By selling wheat seeds and fruit saplings to farmers at token prices, offering cheap credit, and paying poppy-farm laborers to work on roads and irrigation ditches, U.S. and British officials hope to provide alternatives before the planting season begins in early October. Many poppy farmers survive Afghanistan's harsh winters on loans advanced by drug traffickers and their associates, repaid with the spring harvest.

U.S. and Britain again target Afghan poppies

lets see....wehat and fruit saplings are a lot of work...poppy growing...not so much...drug dealers are gonna stay there...americans not so much....why work on roads and ditches when you can grow poppies ...who thinks this shit up?
 
Another record crop of poppies in Afghanistan...

US watchdog: Afghanistan poppy production at record levels despite massive counternarcotics efforts
October 20, 2014 — Afghanistan’s opium economy is booming despite $7.6 billion in U.S. counternarcotics efforts since 2002, federal auditors said in a report released Tuesday.
The most recent findings by the Special Inspector General for Afghanistan Reconstruction come just a few months ahead of the withdrawal of coalition combat troops, when the vast majority of U.S. and NATO forces will leave the country. SIGAR cited a United Nations tally of net land area used for poppy cultivation in 2013: more than 500,000 acres, a 36 percent jump from the previous year and a historic record. The lion’s share of that cultivation, the U.N. says, comes from Helmand and Kandahar provinces, two regions that were the focus of the 33,000-strong American troop surge four years ago. “That is equivalent to more than 800 square miles — more than twice the size of all the boroughs of New York City, or 12 times the size of the District of Columbia — planted solid with opium poppies,” SIGAR wrote in a previous report in January.

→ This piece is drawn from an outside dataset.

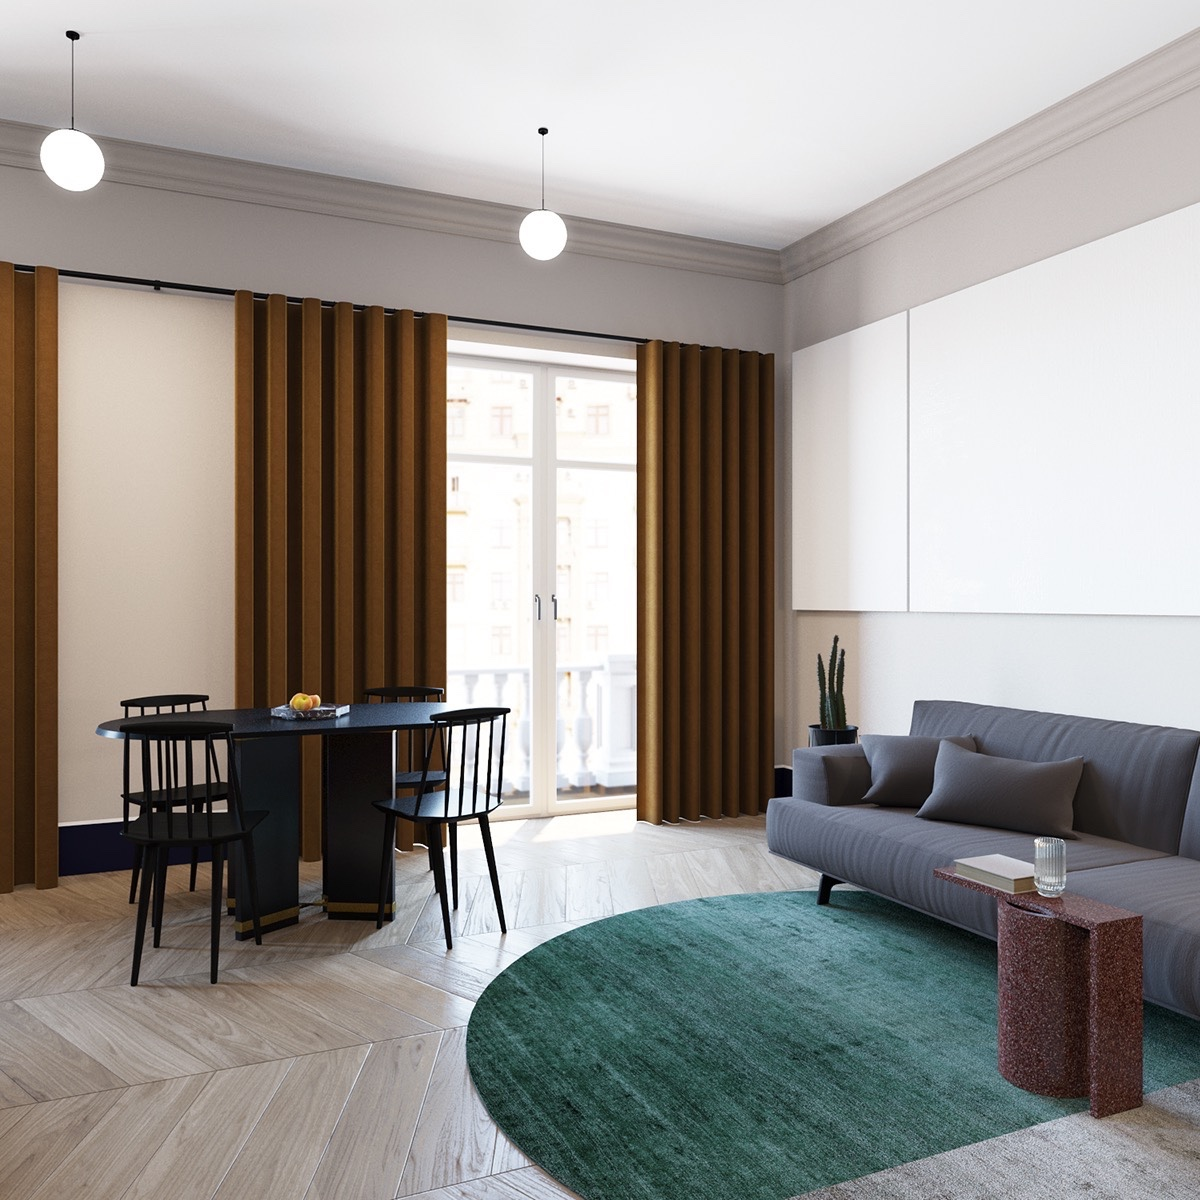 Unique Kitchen Storage Ideas Small Space Furniture: 600 Square Feet Apartment Design With Wonderful Maximalist

Afghanistan remains the world’s top producer of opium, supplying more than three-quarters of the world as well as a growing domestic addict population, the U.N. report said. Along with illegal mining and extortion, the illicit drug trade is a major source of funding for the Taliban. International officials have said that the rebels are using the vast profits generated by the opium trade to buy ammunition and weapons and to fuel the insurgency. The SIGAR report said that poppy production had quadrupled in eastern Nangarhar province which was deemed poppy-free in 2008 and previously considered a model for eradication efforts.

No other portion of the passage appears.